Our second iText Core release of 2026 will please those with a focus on creating accessible and reusable content in PDF. We’ve introduced the ability for iText to perform automatic color contrast checks during creation of PDF/UA documents, which will aid when ensuring generated documents meet many countries' accessibility regulations.
We’ve also added high-level functionality to make creation of Well Tagged PDF documents easier, by letting iText’s comprehensive conformance checking architecture handle all the tricky stuff behind the scenes. You can also target the reuse and accessibility conformance levels defined in the WTPDF specification, depending on your requirements. The accessibility level directly aligns with PDF/UA-2, while reuse is optimized for content extraction, reflow, and machine-driven transformation.
In addition, we’ve extended trusted list validation to include non‑EU countries, along with general improvements to digital signature validation and certificate retrieval.
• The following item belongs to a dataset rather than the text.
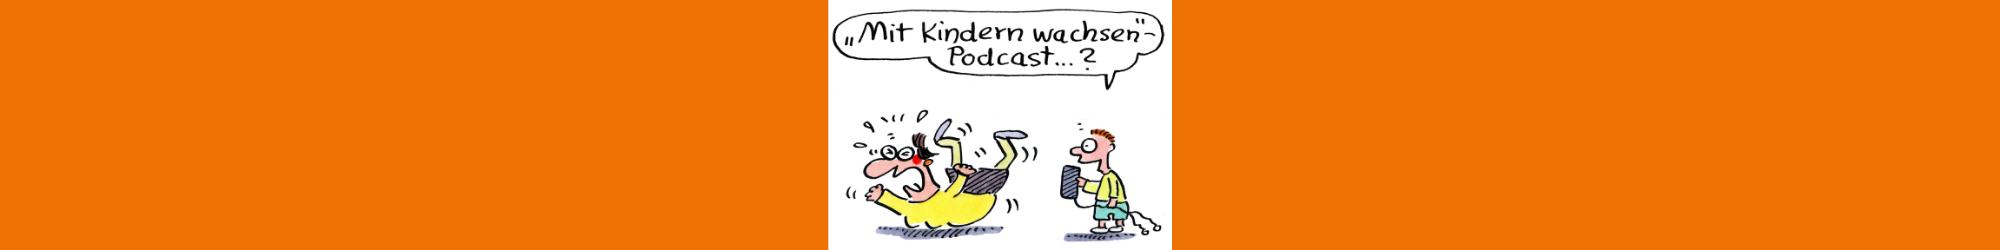 MKW_Podcast_MitKindernwachsen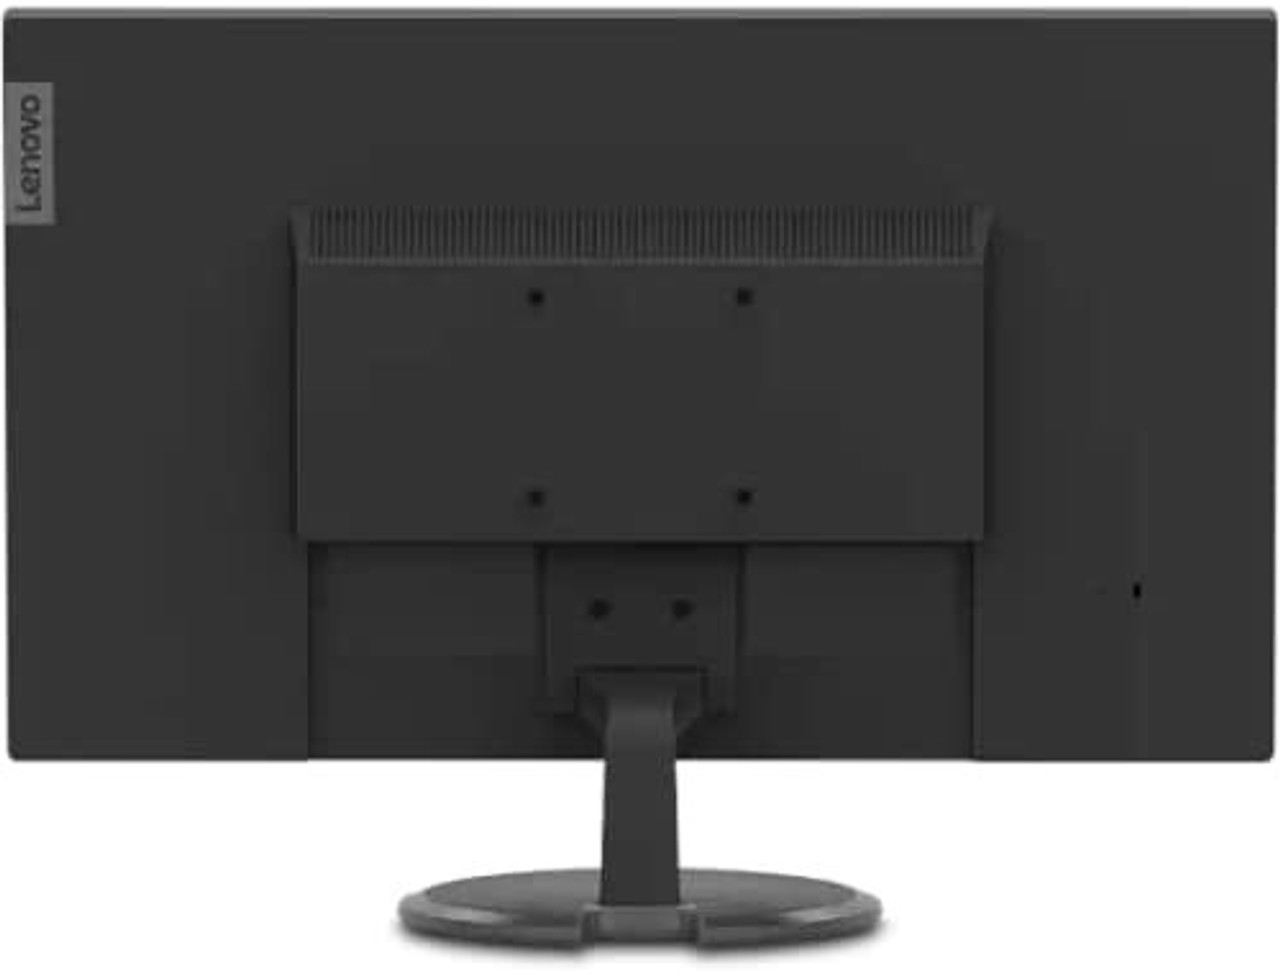 Lenovo ThinkVision C27-30 27" Monitor 62AAKAR6US Full HD WLED LCD - 16:9 - Raven Black (Pack of 2)

PDF/UA Color Contrast Checks
For documents to comply with the PDF/UA specifications, you must ensure that foreground and background colors meet the necessary WCAG standards for accessibility. If there is not enough contrast then not only will documents fail in accessibility checkers, text and graphical content will be difficult to read.
Color contrast checking is something that still requires human intervention in most cases, however, iText Core can now warn you if such issues are detected during document creation. It should be noted that this is not a comprehensive check and cannot substitute for an actual “human in the loop”. However, it will help to identify and avoid obvious issues at an early stage.
This functionality is similar to that provided by the WebAIM Contrast Checker, where you can select different values for the foreground and background colors. For WCAG 2.1 level AA which is commonly specified in accessibility regulations, normal text must have a contrast ratio of at least 4.5:1, and 3:1 for large text, graphics, and user interface components (such as form input borders).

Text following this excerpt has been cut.